For further information, please visit, www.clearleisure.co.uk

Chairman’s Statement

Overview

The first half of 2020 has been characterised by the outbreak of the Covid-19 pandemic. This has affected the economies of all countries with no sign of immediate recovery.

In this context, the Company has continued to manage its new technology portfolio and its historical portfolio.

With regard to the Company’s technology investments, PBV Monitor Srl (“PBV”) received an investment of €300,000 from an Italian investment company, valuing the company at €3m, as announced on 28 January 2020. Clear Leisure retained its 10% shareholding in PBV. PBV continued on its roadmap, expanding its directory services and more recently (in October), launching its Market Intelligence Service.

Clear Leisure supported ForCrowd Srl, (“Forcrowd”) the Italian crowdfunding platform, in its early development, leading to the launch in May of its first crowdfunding campaign, followed up by a second one in July.Whilst the results of the first two campagins have been sllightly dissapointing mainly due to Covid situation, there is an existing pipeline of more than 3 new potential campaigns under evaluation

With regard to Geosim Systems Ltd, the Israeli 3D virtual mapping company, during the first half of 2020 it delivered the Digital Twin model of one of the largest international airports in Asia, despite the inevitable delays due to Covid-19.

The Milan and London Digital Twin projects, announced on 16 December 2019, are currently on hold, waiting for general market conditions to return to more normal levels. These delays are necessary in order to avoid the risk of interrupting data acquisition which would be a possibility should further lock-down restrictions be imposed.

As announced in August the Company has been investigating the possibility of setting up an Enterprise Investment Scheme fund (‘EIS fund’), which would look to invest in companies which focus on the integration of biological and digital systems. Clear Leisure will investigate, source, analyse and perform due diligence on innovative startups within this industry and mainly in the UK. The Company has engaged Sapphire Capital Partners LLP, an FCA approved and regulated investment management partner, to act as the Investment Manager and manage the proposed EIS fund, aimed at professional and qualified investors. The target fundraising is for £10m, with an initial round of £3m. No dilution will take place for Clear Leisure’s shareholders.

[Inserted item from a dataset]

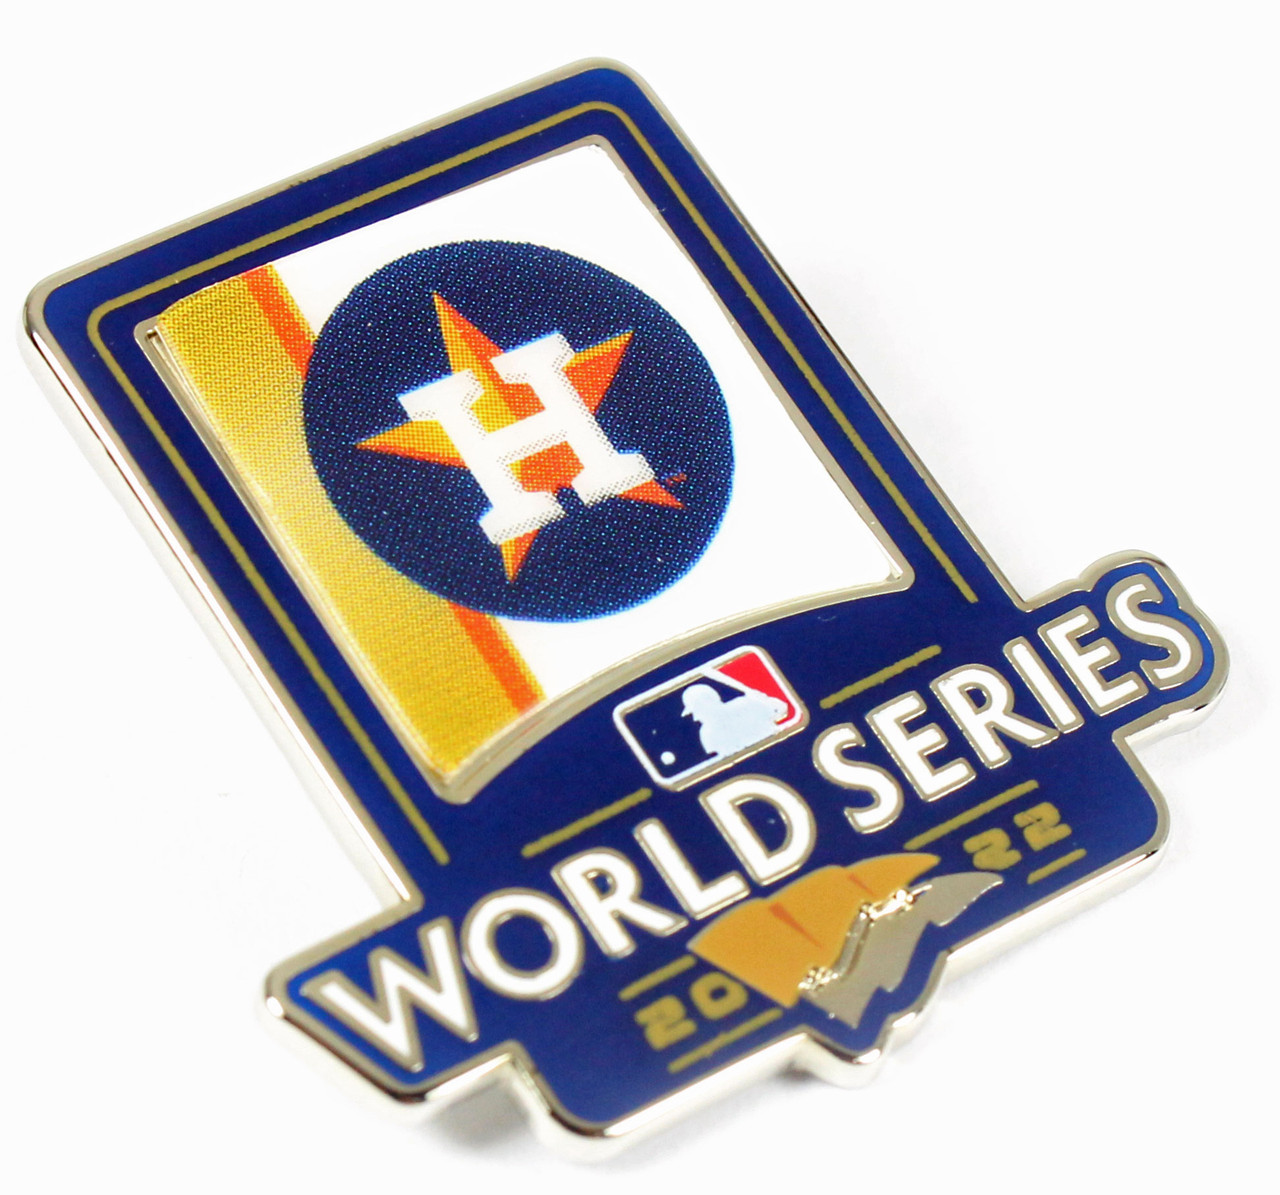 Official Houston Astros Collectible Patches, Pins, Astros Patches, Pin Sets

With regard to the Company’s historical investment portfolio, at the first hearing of the legal action against the former directors of Sipiem SpA, which was held in the Venice Court in February, legal representatives of all parties involved in the claim appeared in Court, including the legal representatives of two insurance companies which have provided professional indemnity cover to the majority of the eight defendants. As previously notified, the insurance documents seen by the Company’s directors indicate that insurance cover of up to €2million per year had been provided. The alleged misconduct described in the claim took place over a number of years. At the second hearing, held on 30 September 2020, the Judge appointed an independent expert to assess the value of the damages of the claim. The judge in the case has set the hearing for consideration of the expert reports for 10 March 2021.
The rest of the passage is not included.